This figure shows the base map with no topic selected. On the left are the top 20 topics. Only 7 topics were “strong” enough to generate circles. The remaining 13 are clustered atop each other in the small black dot near the origin.

Figure 8 displays New Zealand as Topic 2 (country 2) and the key terms (as determined by dark bar coverage of light bar) of “sporting”, “labeling”, “equipment”, “fitness”, “sport”, “label”, “gym”, “athletic” and “sub”. These results are a strong indication that recreational footwear in New Zealand is of high importance. Interesting terms that suggest the need for further investigation into possible market opportunities are Dominican republic, Dominican, ad valorem, basis, tax. Figure 9 shows the LDAVis results for the third country of importance: Mexico (Topic 3) as indicated by the red circle. Highly relevant terms of “document”, “documentation”, “registry”, “annex”, “Salvador”, and “certificate” appeared. These terms were mostly unique to Mexico as shown by the coverage of the dark bar over the light bar and indicated possible legal or regulatory issues with the footwear industry in this country. Other interesting terms identified were “textile”, “government”, “price”, “exporter”, “complete” and “broker”.

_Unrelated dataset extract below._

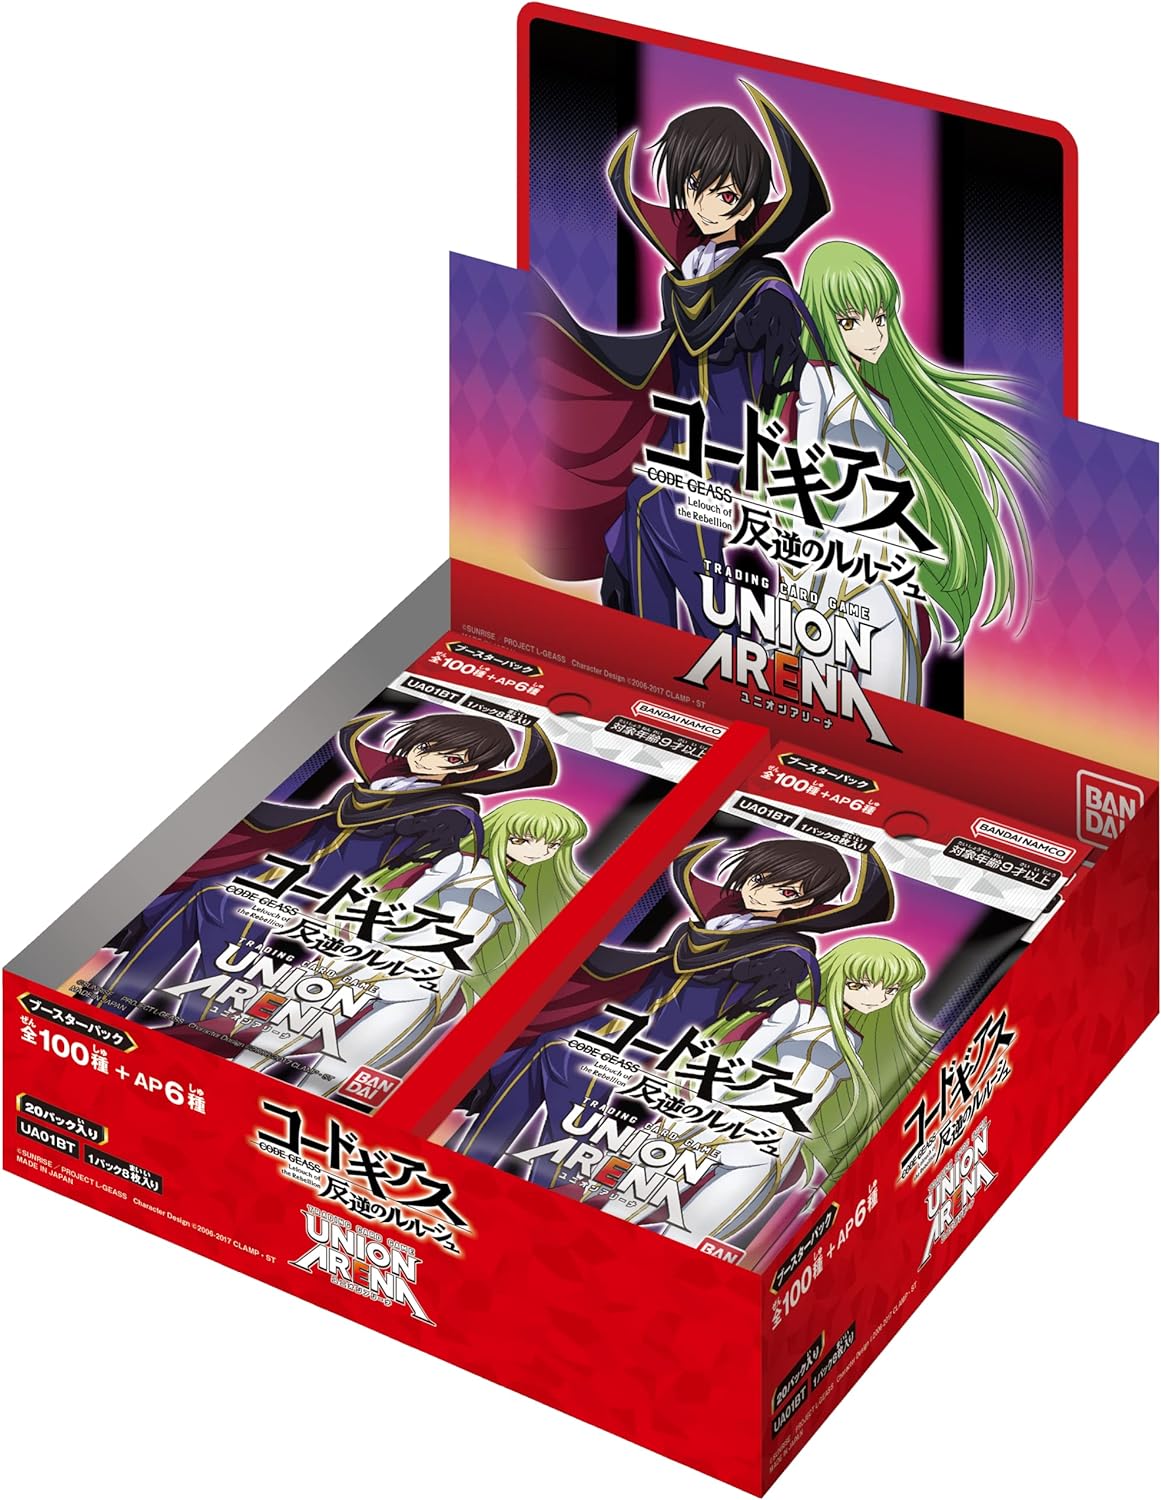 Display Code Geass Union Arena 20 Boosters

5.3. Environmental Scanning for Business Intelligence

The use of LDA and LDAVis allowed us to extract relevant terms related to the lumber and footwear industries and to identify the top three countries where these products are of high importance as well as other relevant terms associated with each country. In order to apply the information obtained through the use of these two tools and identify whether these countries could be potential competitive markets, we performed an environmental scanning of these countries and various terms identified using public sources as well as the CPI Index. The CPI index covers three main dimensions of global competitiveness and development: capacity to produce and export manufactured goods; technological deepening and upgrading; and dimensions of global world impact. Using the highly relevant terms that appeared for each of the top countries in the lumber and footwear industries we gathered additional detailed knowledge in order to assess the likelihood that each country could offer opportunities for organizations to gain a competitive advantage in these industries. The details of the assessments are discussed below.

5.3.1. Lumber Industry

Upon investigating the terms “lumber”, “market”, “export” and ”farming” in Latvia, our research revealed that Latvia’s forests have doubled in the past 100 years with half of these forests consisting of Scots pine and Norway spruce. Forests cover approximately 52% of the country’s territory and the demand for lumber is growing exponentially due to a growth in the prefabricated wood (panel) modular house production industry. Production capacities are focusing on growing demand in North European countries. Latvia's legislation on forestry is also among the strictest in Europe and firmly regulates wood harvesting. It has a well-developed wood processing industry therefore timber and wood products are among the country's most important exports. Latvia has one of the highest investment rates in Europe in the wood products markets due to its vast resources and competitive labor force with significant investments made in the production of particle board and oriented strand board [79].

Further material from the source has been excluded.